Ибо едва исчезает очарование, как все прежнее опять обрушивается
на человека, и он оказывается тем же, кем был... То же кроется в
стремлении к наслаждению, к сильным переживаниям, к эмоциям борьбы:
желание выйти из собственного «я» с теми его свойствами и характерными
чертами, которые делают человека определенной личностью, но и обрекают
его на печальную участь оставаться только ею.

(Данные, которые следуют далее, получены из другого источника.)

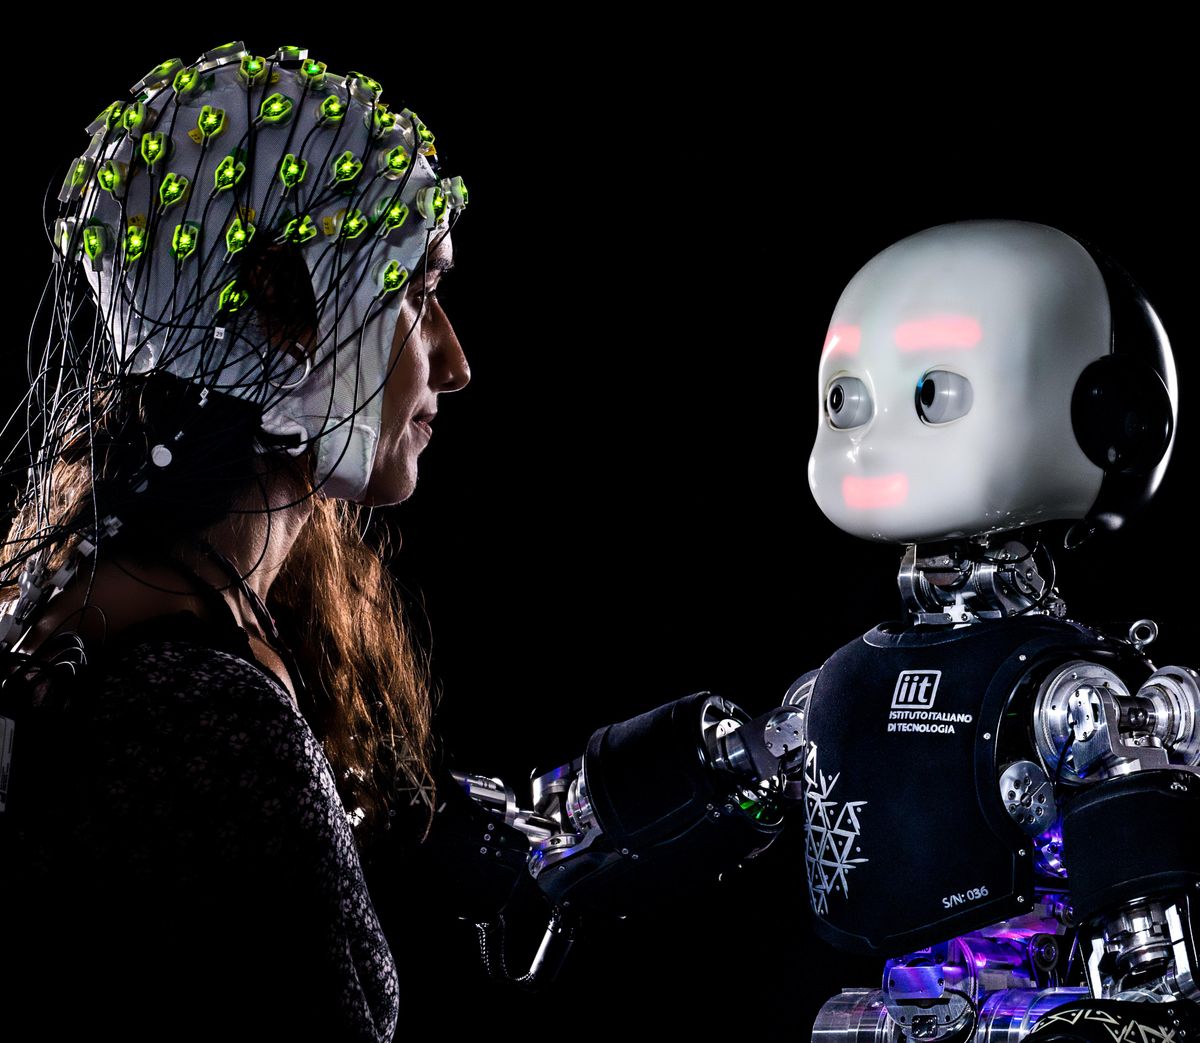 A humanoid robot gazing at a human wearing a sensorized hat

И снова-все тоже разочарование!
Едва отхлынет прилив, как обнаруживается, что все вокруг человека
не только осталось прежним, но и сковывает его еще больше... Старание,
с которым человек работает над самим собой, приобретая навыки и
образование, нередко порождается лишь смутно ощущаемым желанием
измениться, переделать себя... Всюду: в педагогических реформах,
в попытках обновить жизнь, в поисках новой медицины чувствуется
тайное желание шагнуть туда, где нас нет; но опыт всякого воспитания
и всякой реформаторской деятельности показывает, что в подлинном
бытии не меняется ничего. То, что заложено, может быть обработано,
но уйти от него нельзя.
Бывают переживания, когда кажется, что открываются неизведанные
ранее возможности, что подымаются творческие силы, о которых ничего
не было известно. Бывают времена, когда это чувство охватывает целые
слои культуры. Наше время полно таких ощущений. Всюду мы встречаем
слово «новый», точно оно обладает магической силой и может порождать
нечто таинственное. Обновляется ли что-либо в действительности?

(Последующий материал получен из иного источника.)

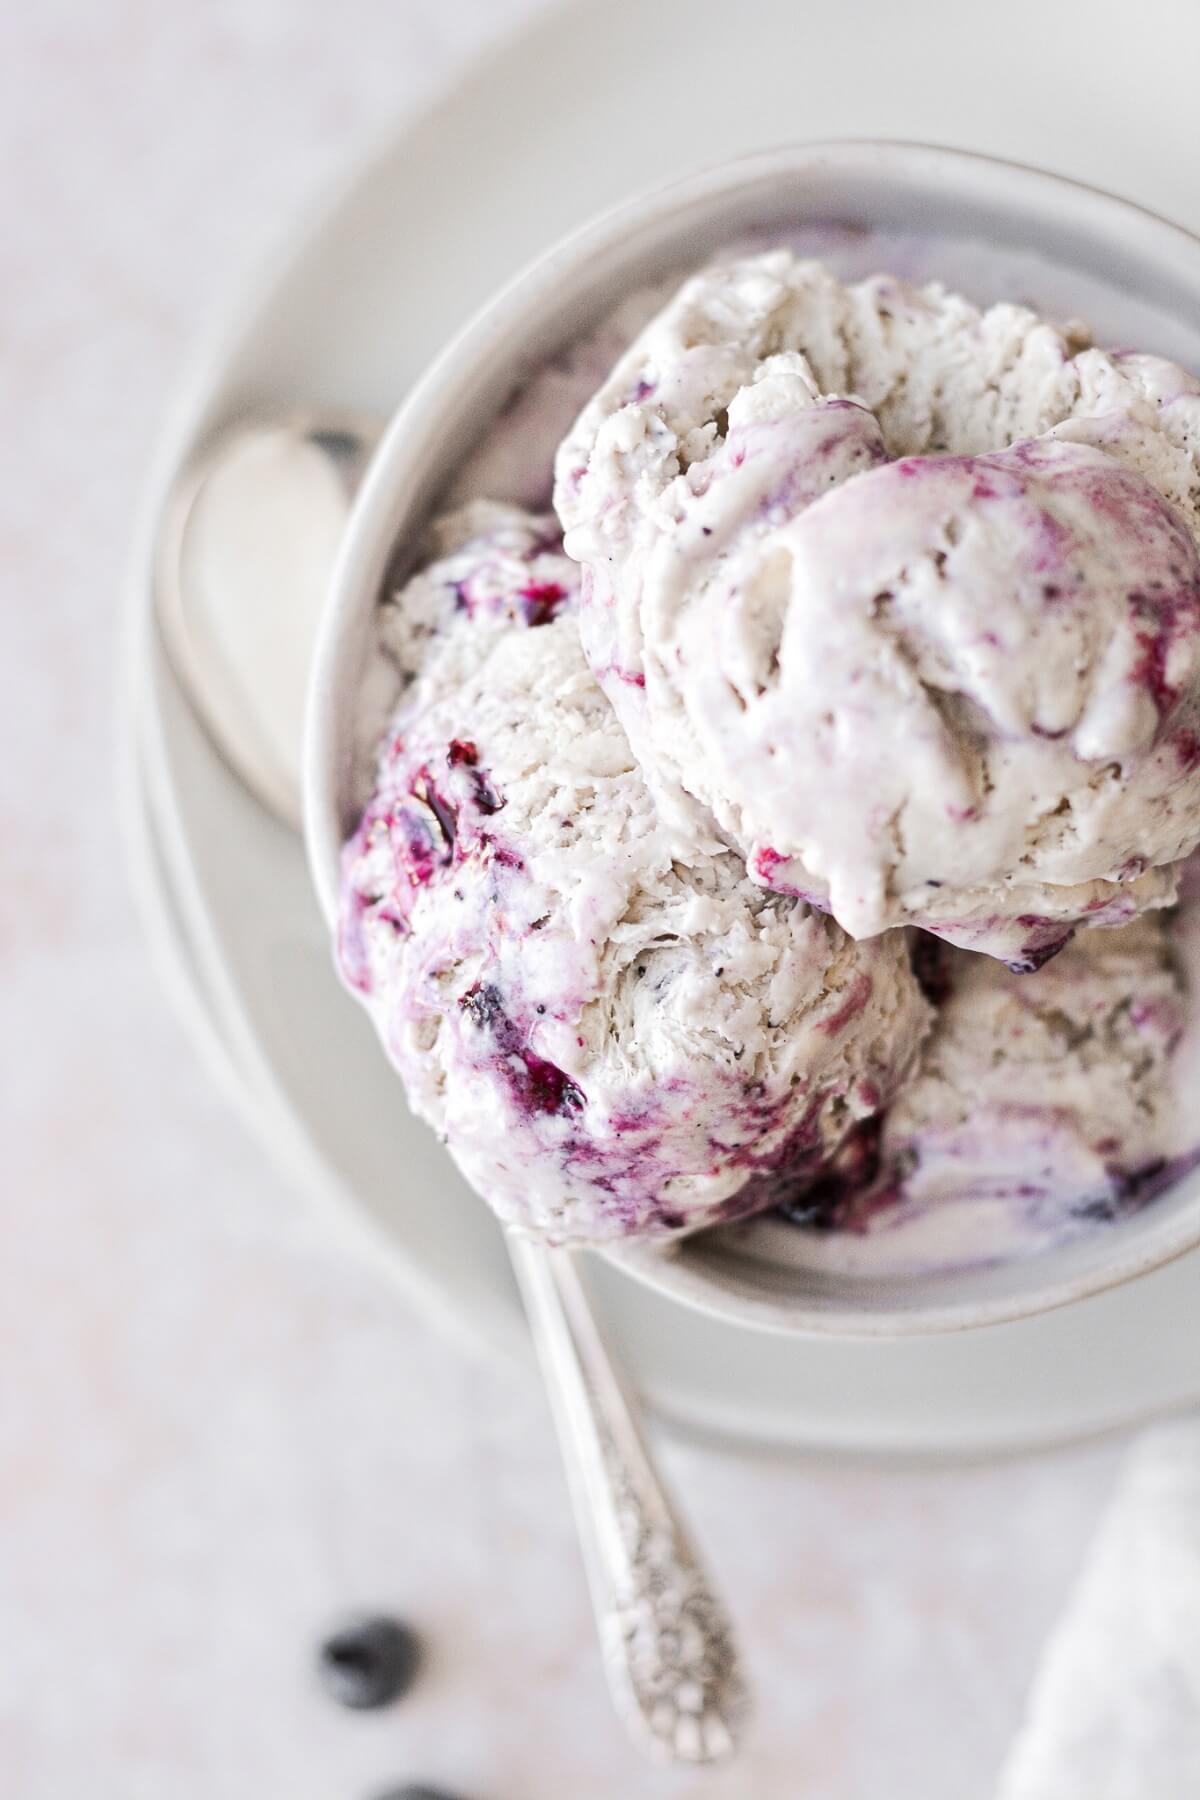 Bowl of no churn blueberry swirl ice cream.

Состояния и ощущения - да, конечно. Основа же остается. «Ты будешь
тем, чем был вначале», - сказал Гельдерлин, - вот ответ. Преодолеть
на самом деле пределы своего «я» и тем обрести свою собственную
суть, выйти из своей жалкой узости на обновленный простор высшего
бытия и там получить возможность сказать: только теперь я стал тем,
кого смутно ощущал в себе - этого нельзя обрести в мире. Он - замкнутый
круг, из которого нет выхода. Только в одном-единственном месте
мир открыт -в Иисусе Христе. В Нем Бог стал человеком на самом деле,
без оговорок, со всеми вытекающими отсюда последствиями. Он жил
как мы, был подчинен неизбежным закономерностям природы и человеческого
общежития и включен, как и мы, в условия определенной страны, определенного
социального строя и Исторической ситуации. Иисус полностью подчинил
Себя воспринятому Им человеческому состоянию. Это сразу становится
ясным, когда видишь, что Он не совершил ни одного чуда для того,
чтобы раздвинуть Рамки Своего существования. Когда после сорокадневного
поста приходит искуситель и говорит Ему: «Скажи, чтобы камни сии
сделались хлебами», а Он это отвергает (Мф 4.3) - какое в этом величие!
Никогда Он не совершил ни одного чуда, которое улучшило бы Его стесненное
положение или ниспровергло бы Его врагов, или преодолело бы их ожесточение.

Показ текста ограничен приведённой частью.